| TASK OBJECTIVE |
Any picture in the listing is left out of the copy; all else is duplicated exactly.

| STORED DATA |
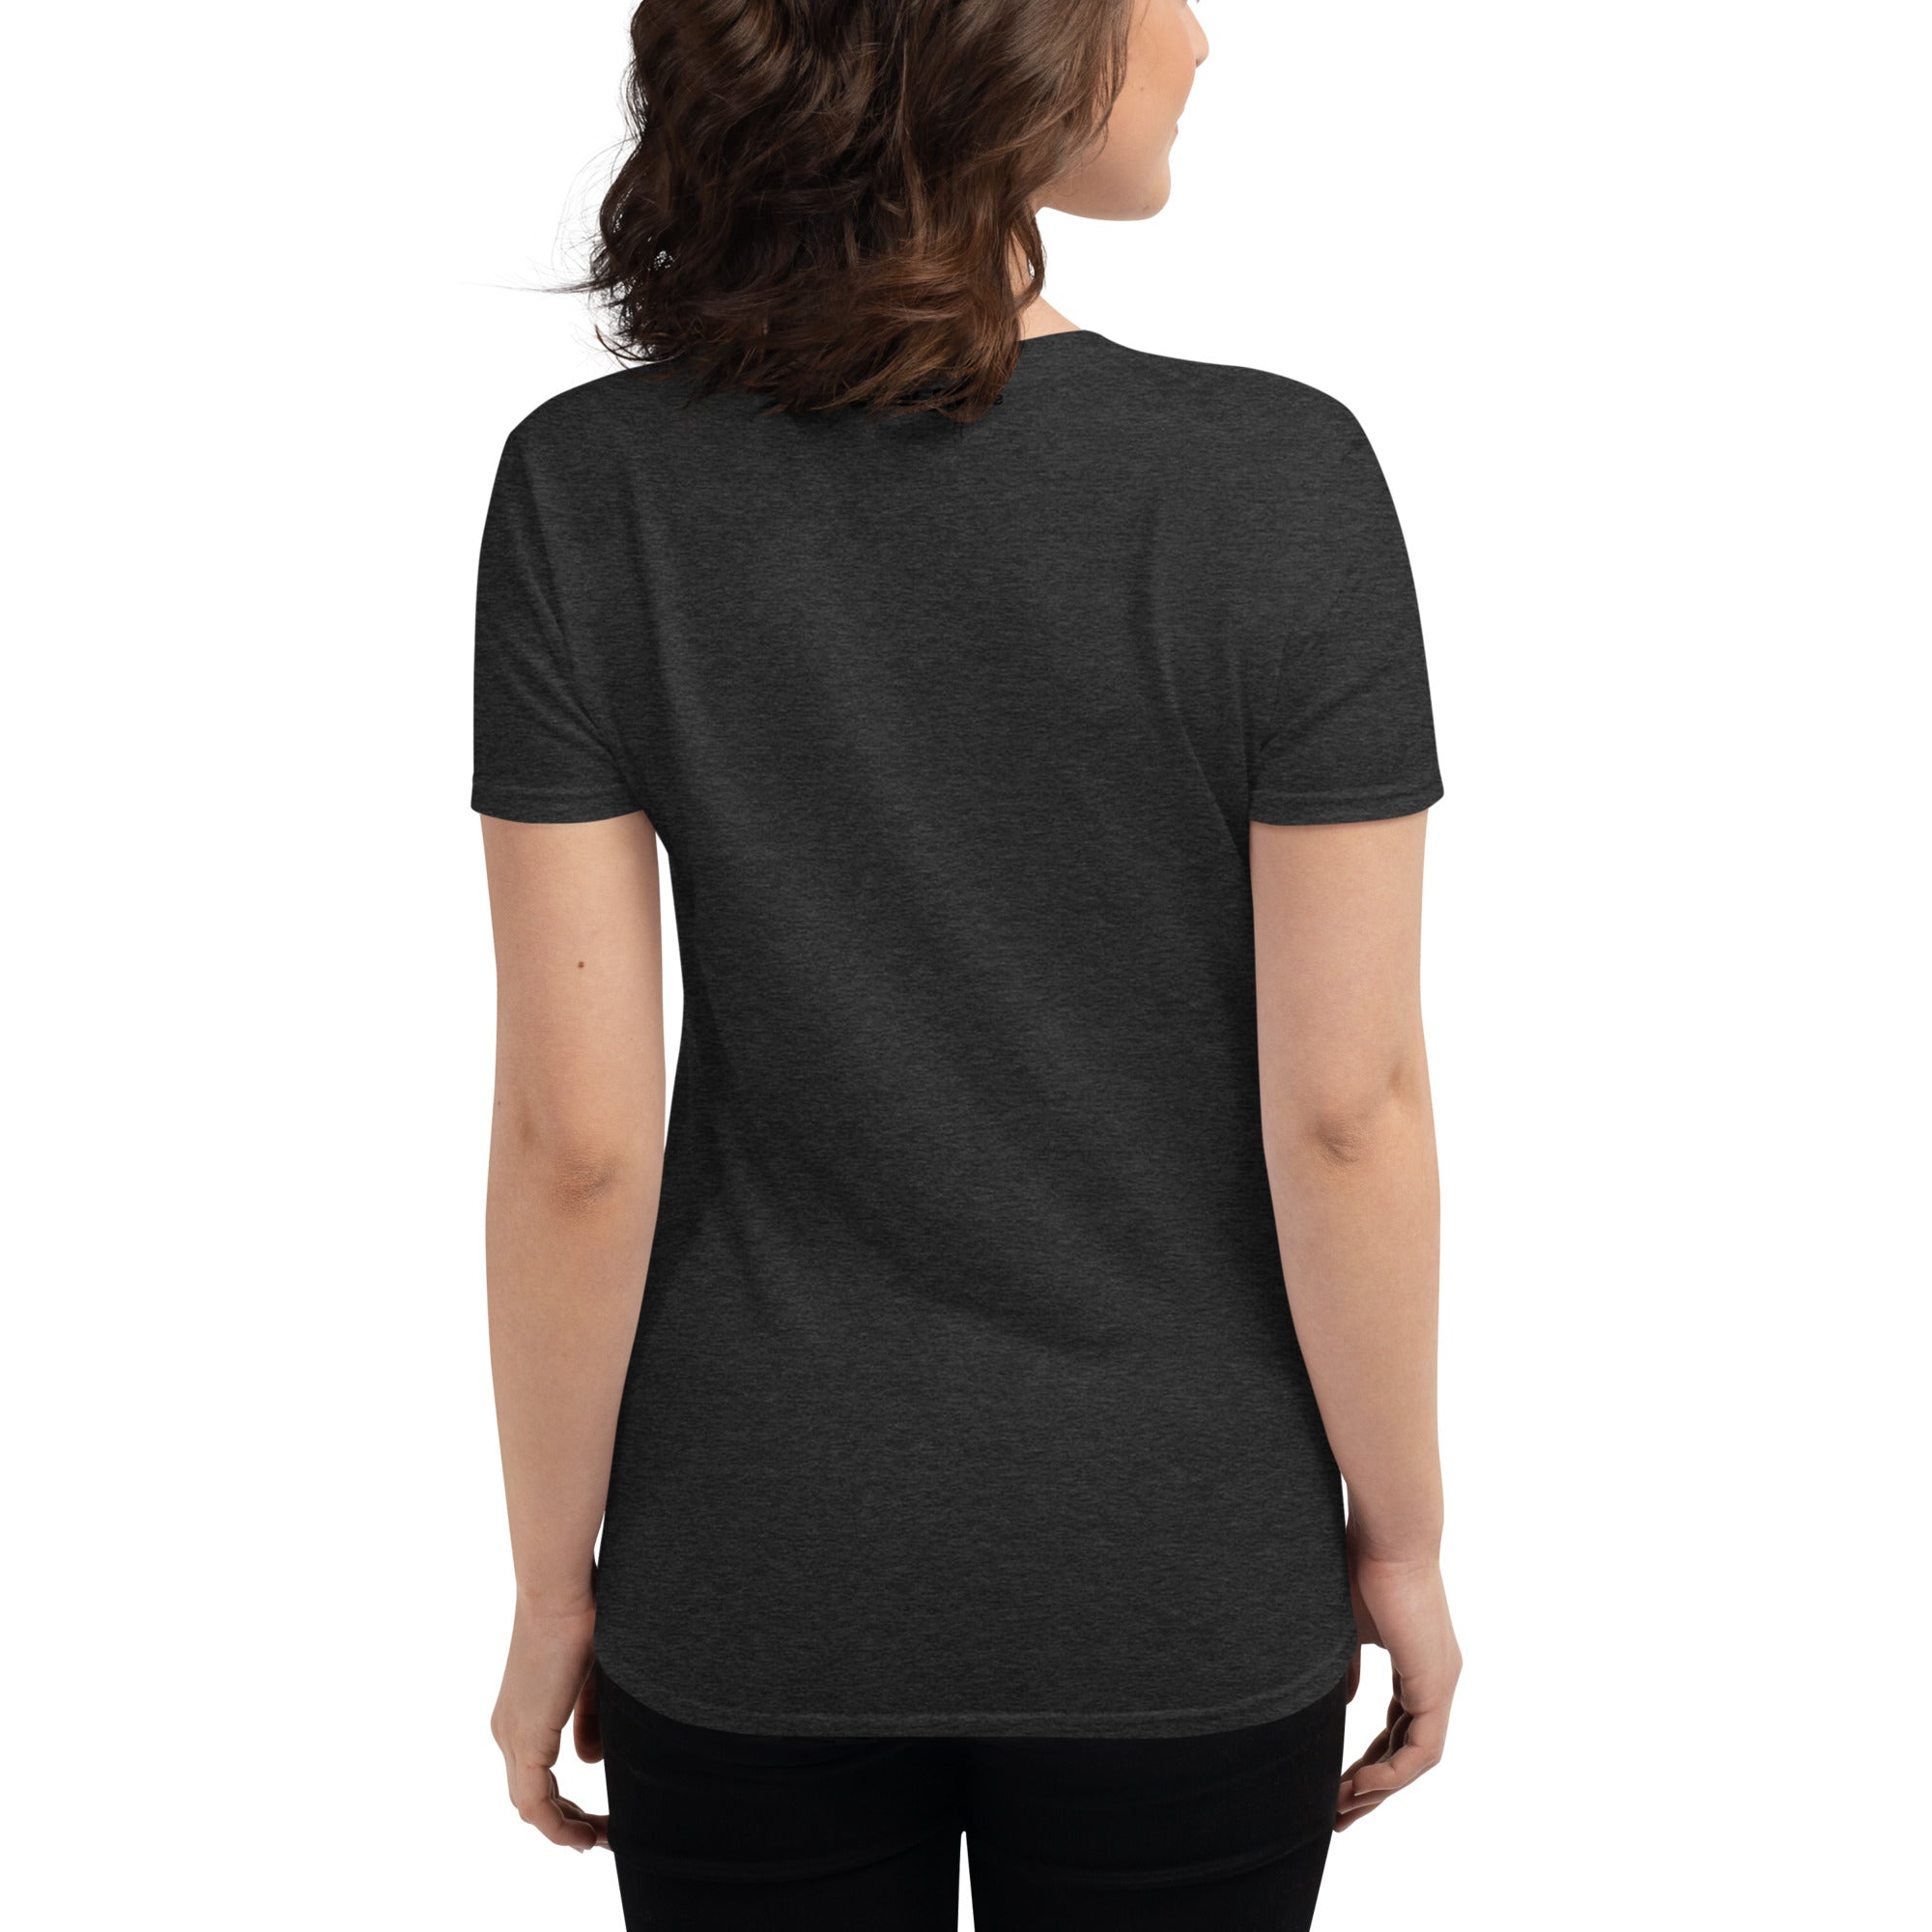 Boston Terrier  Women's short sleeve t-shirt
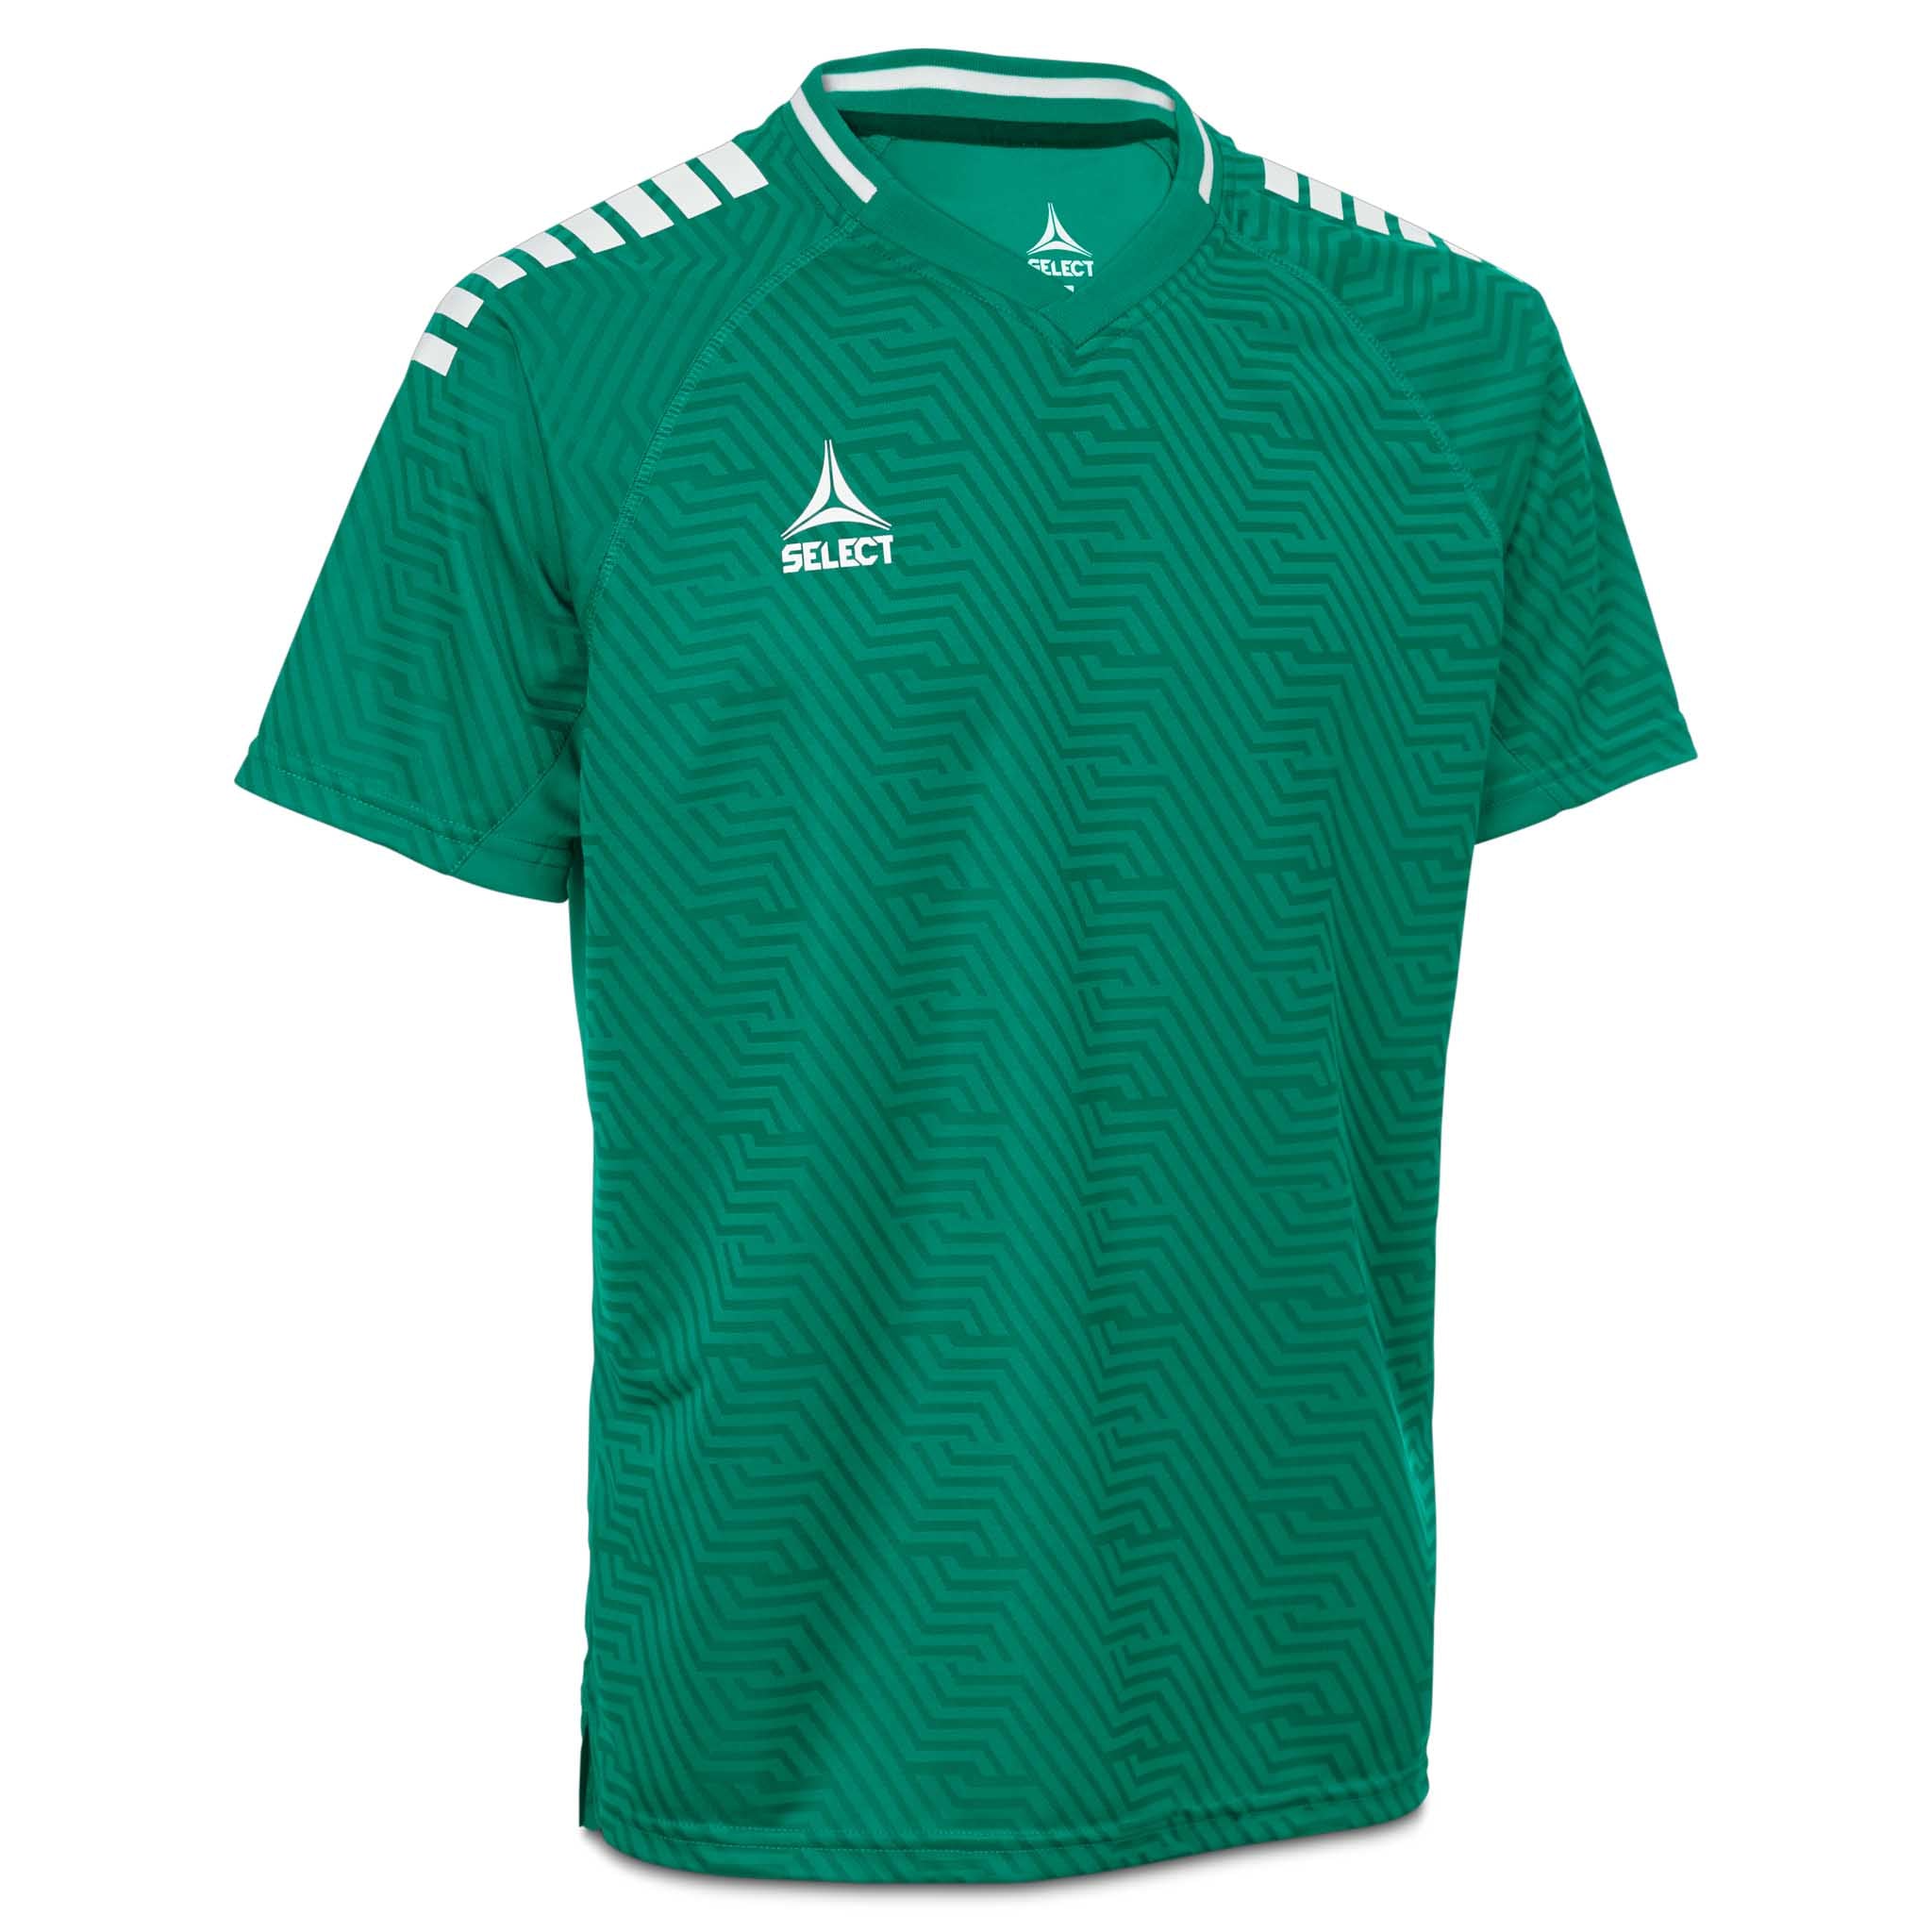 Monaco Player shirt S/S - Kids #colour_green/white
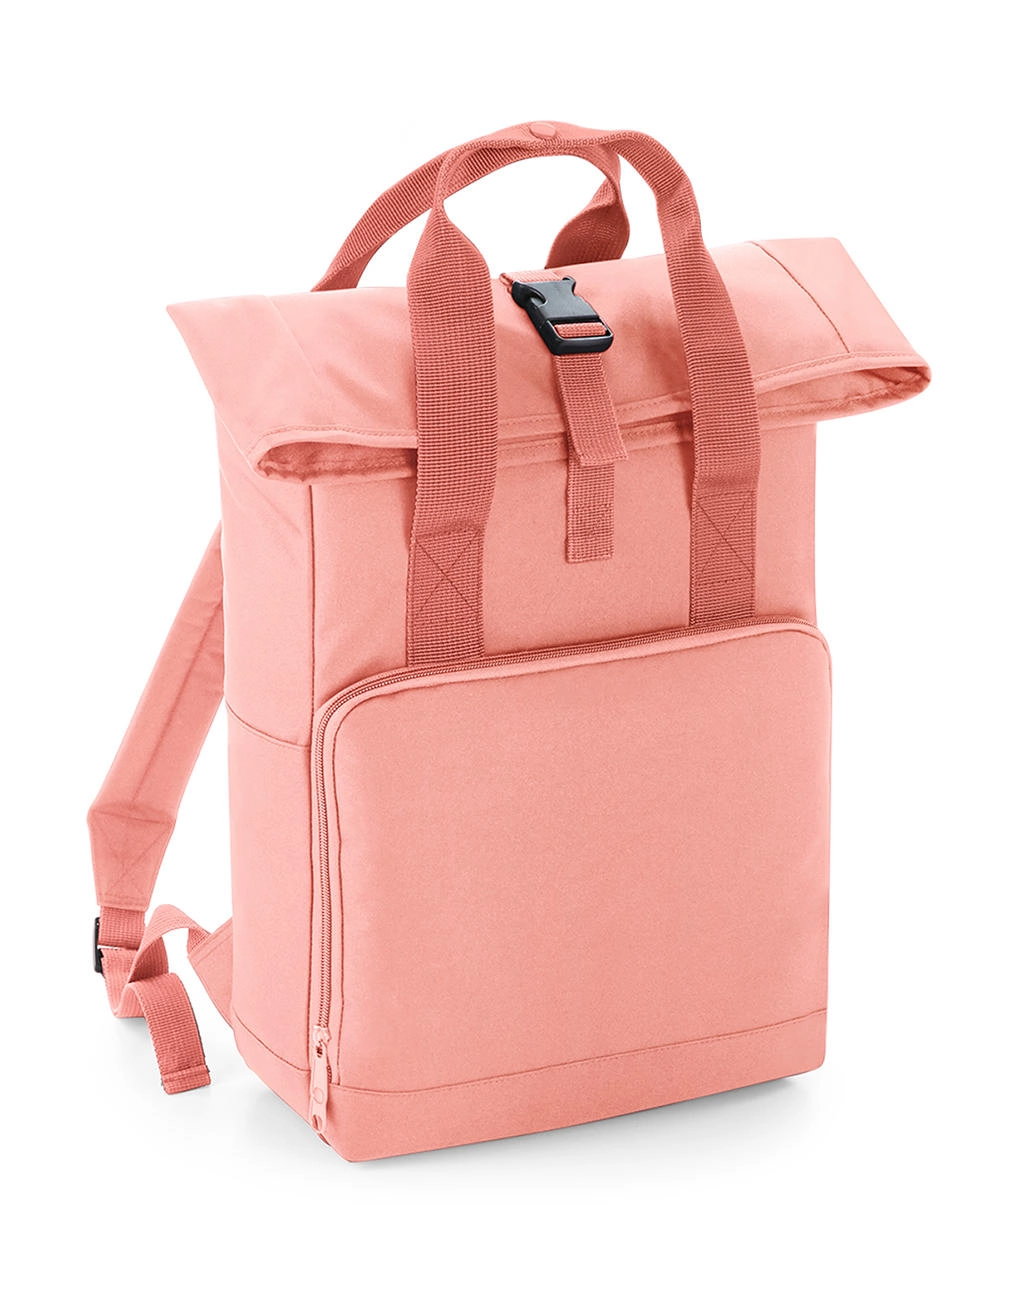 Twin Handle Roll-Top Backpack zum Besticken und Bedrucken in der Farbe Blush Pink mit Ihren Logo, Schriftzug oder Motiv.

| TASK OUTPUT |
 Boston Terrier  Women's short sleeve t-shirt
 Monaco Player shirt S/S - Kids #colour_green/white
 Twin Handle Roll-Top Backpack zum Besticken und Bedrucken in der Farbe Blush Pink mit Ihren Logo, Schriftzug oder Motiv.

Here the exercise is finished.